WHAT YOU WILL DO ▸
Your task is to retype, exactly, the line containing "Admiral Pro Referee Jersey SS-Black-3XL" and every later line through the end of the listing, with pictures omitted.

=== PROVIDED DATA ===

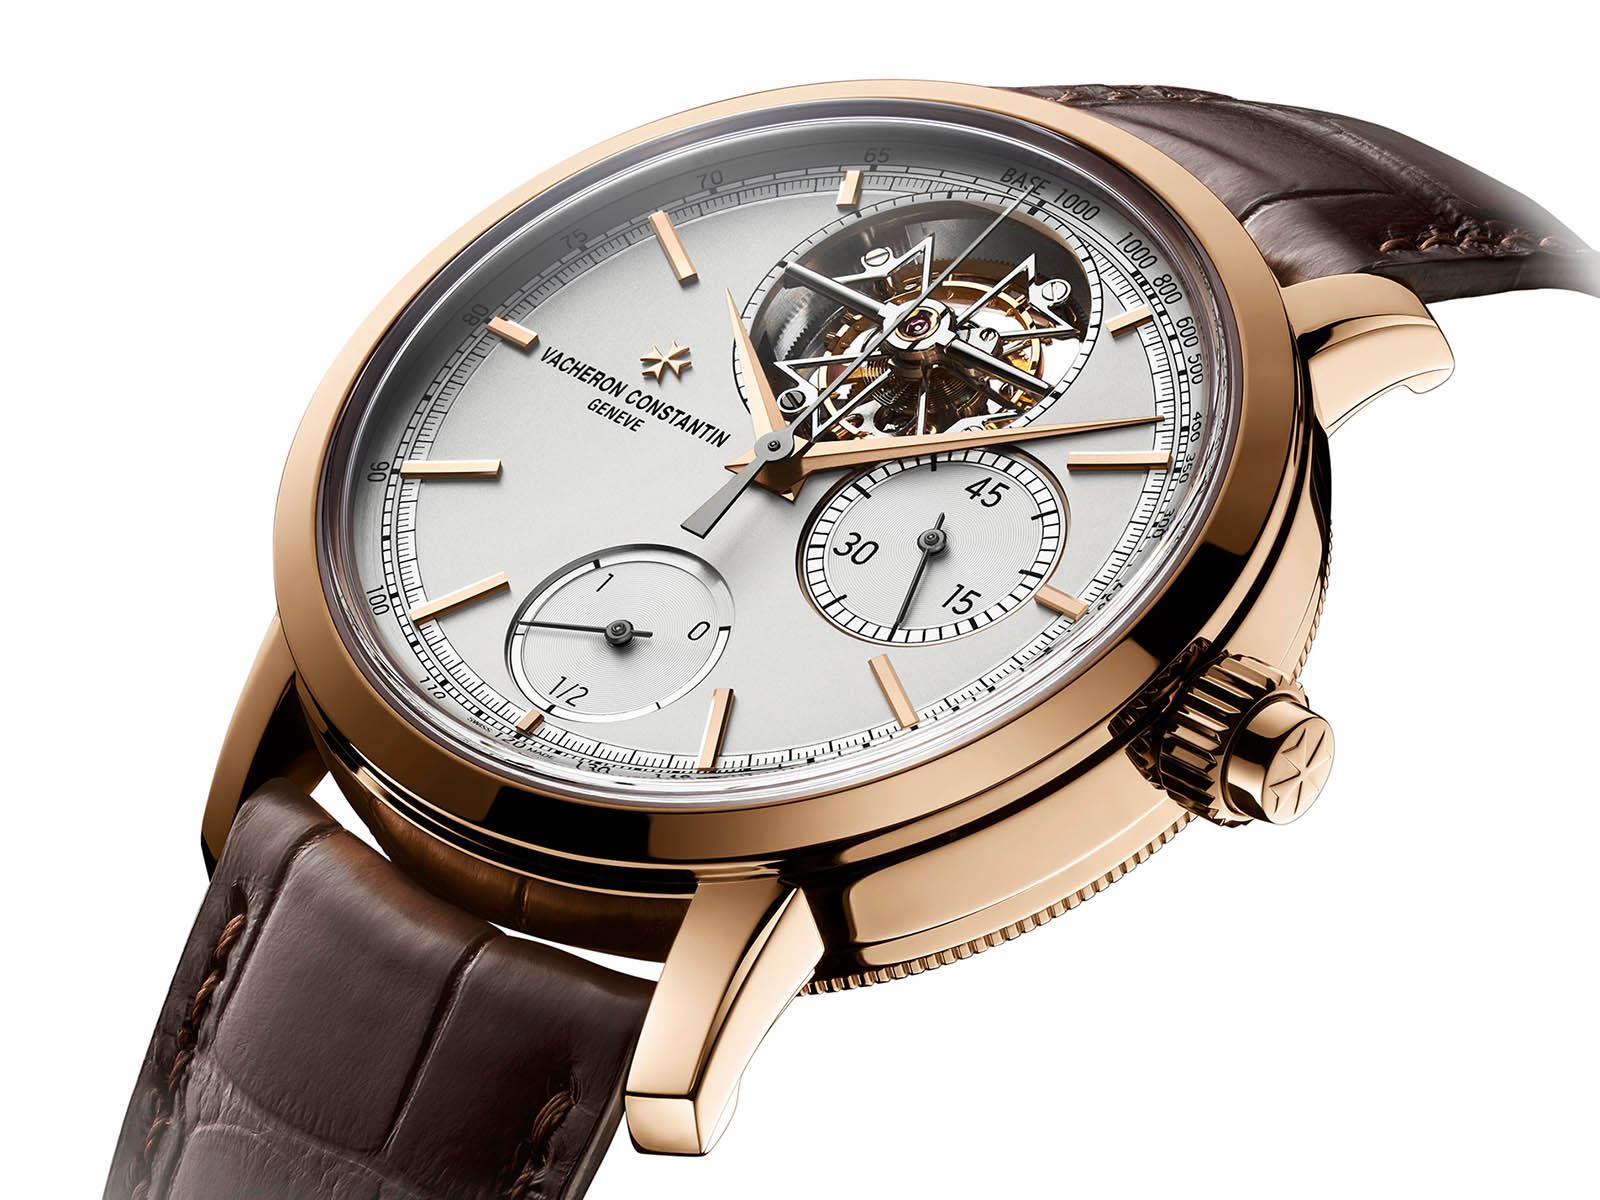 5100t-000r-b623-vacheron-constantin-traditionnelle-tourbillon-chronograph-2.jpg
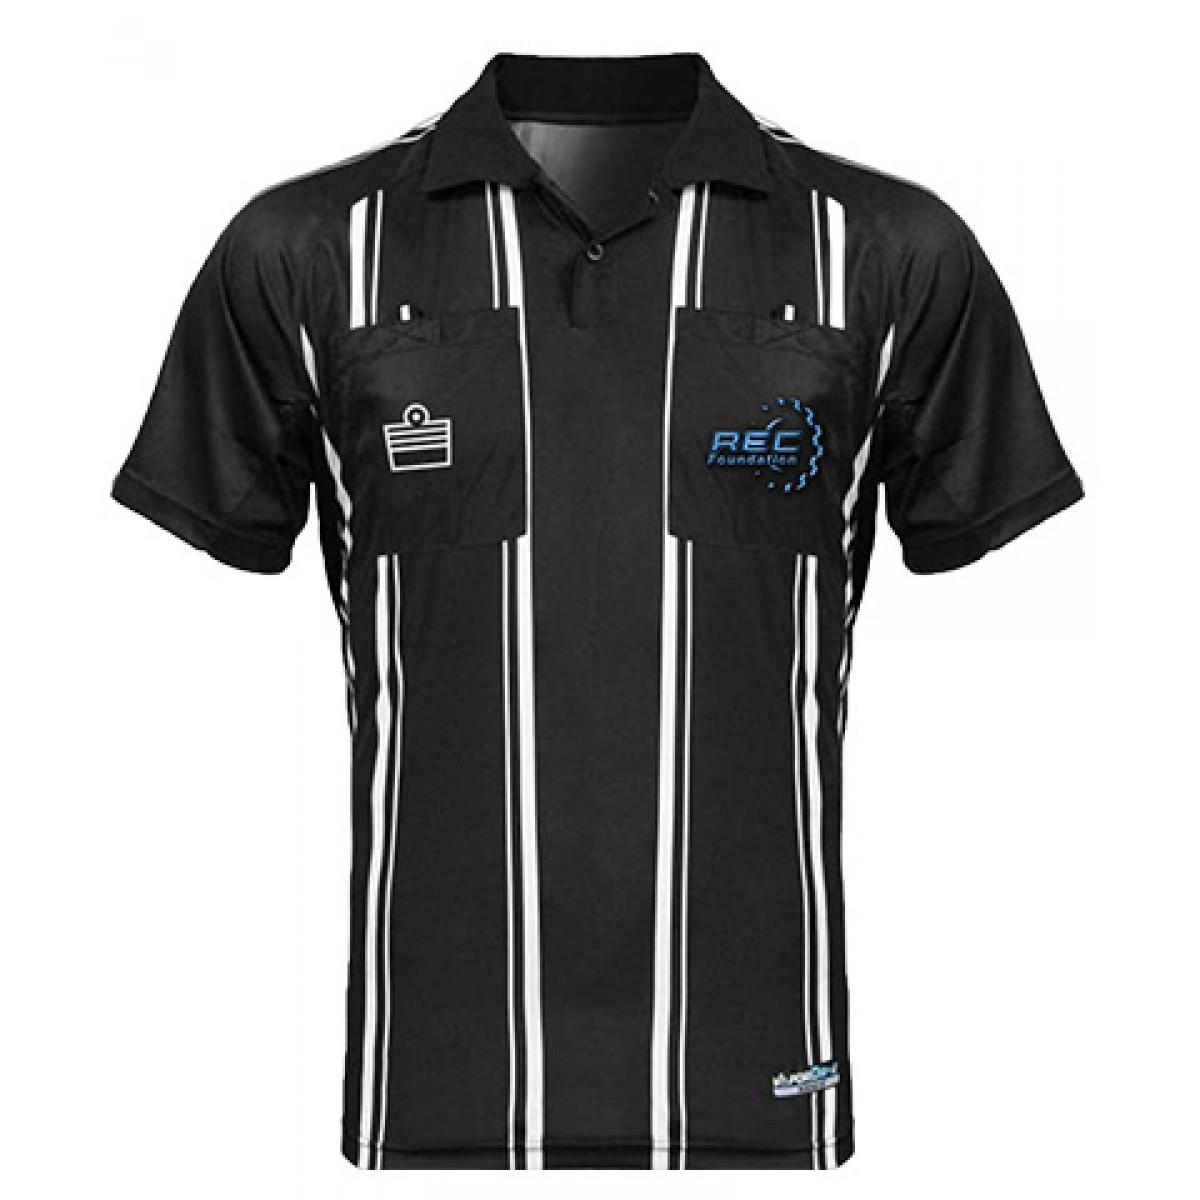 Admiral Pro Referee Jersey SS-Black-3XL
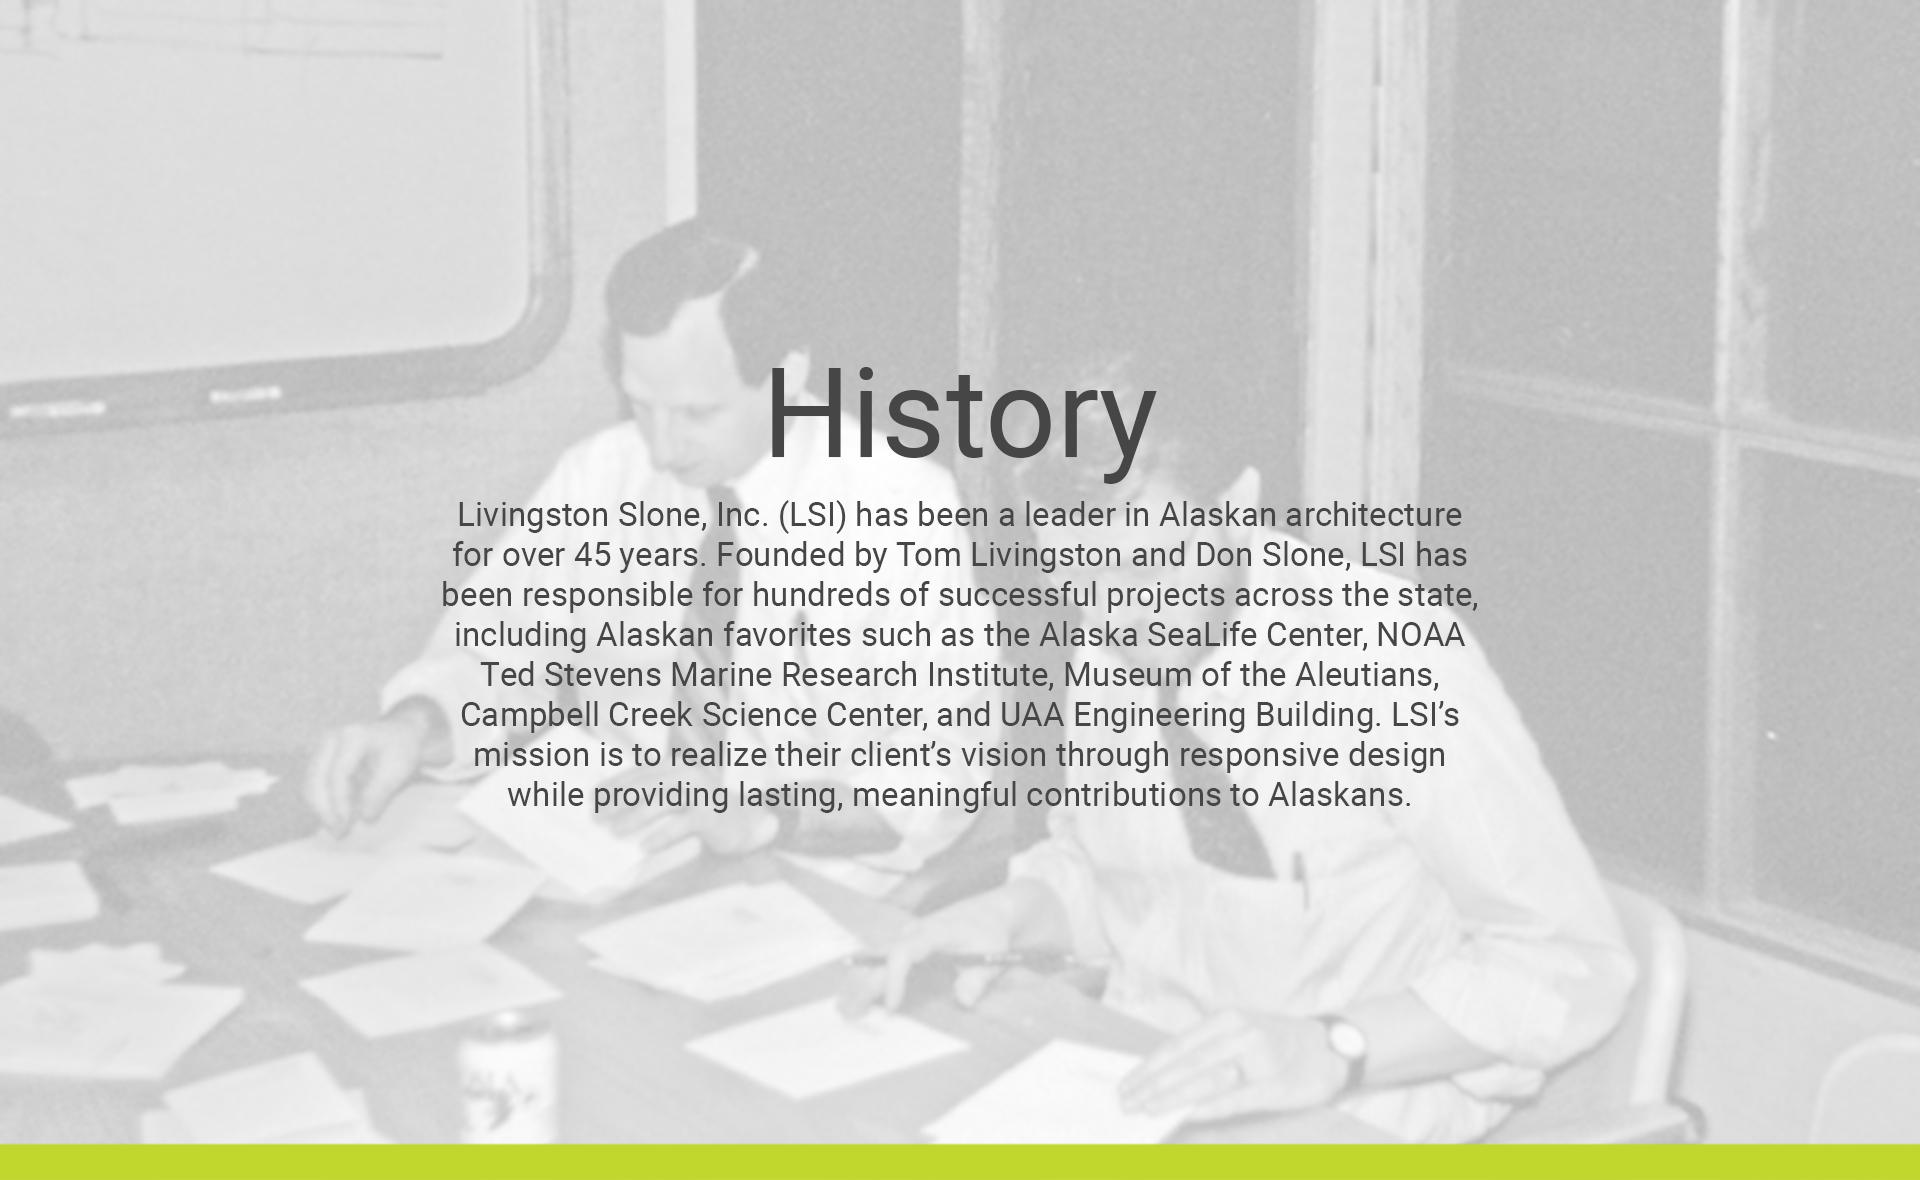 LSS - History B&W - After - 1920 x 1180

===

SOLUTION FOR THIS EXERCISE ▸
 Admiral Pro Referee Jersey SS-Black-3XL
 LSS - History B&W - After - 1920 x 1180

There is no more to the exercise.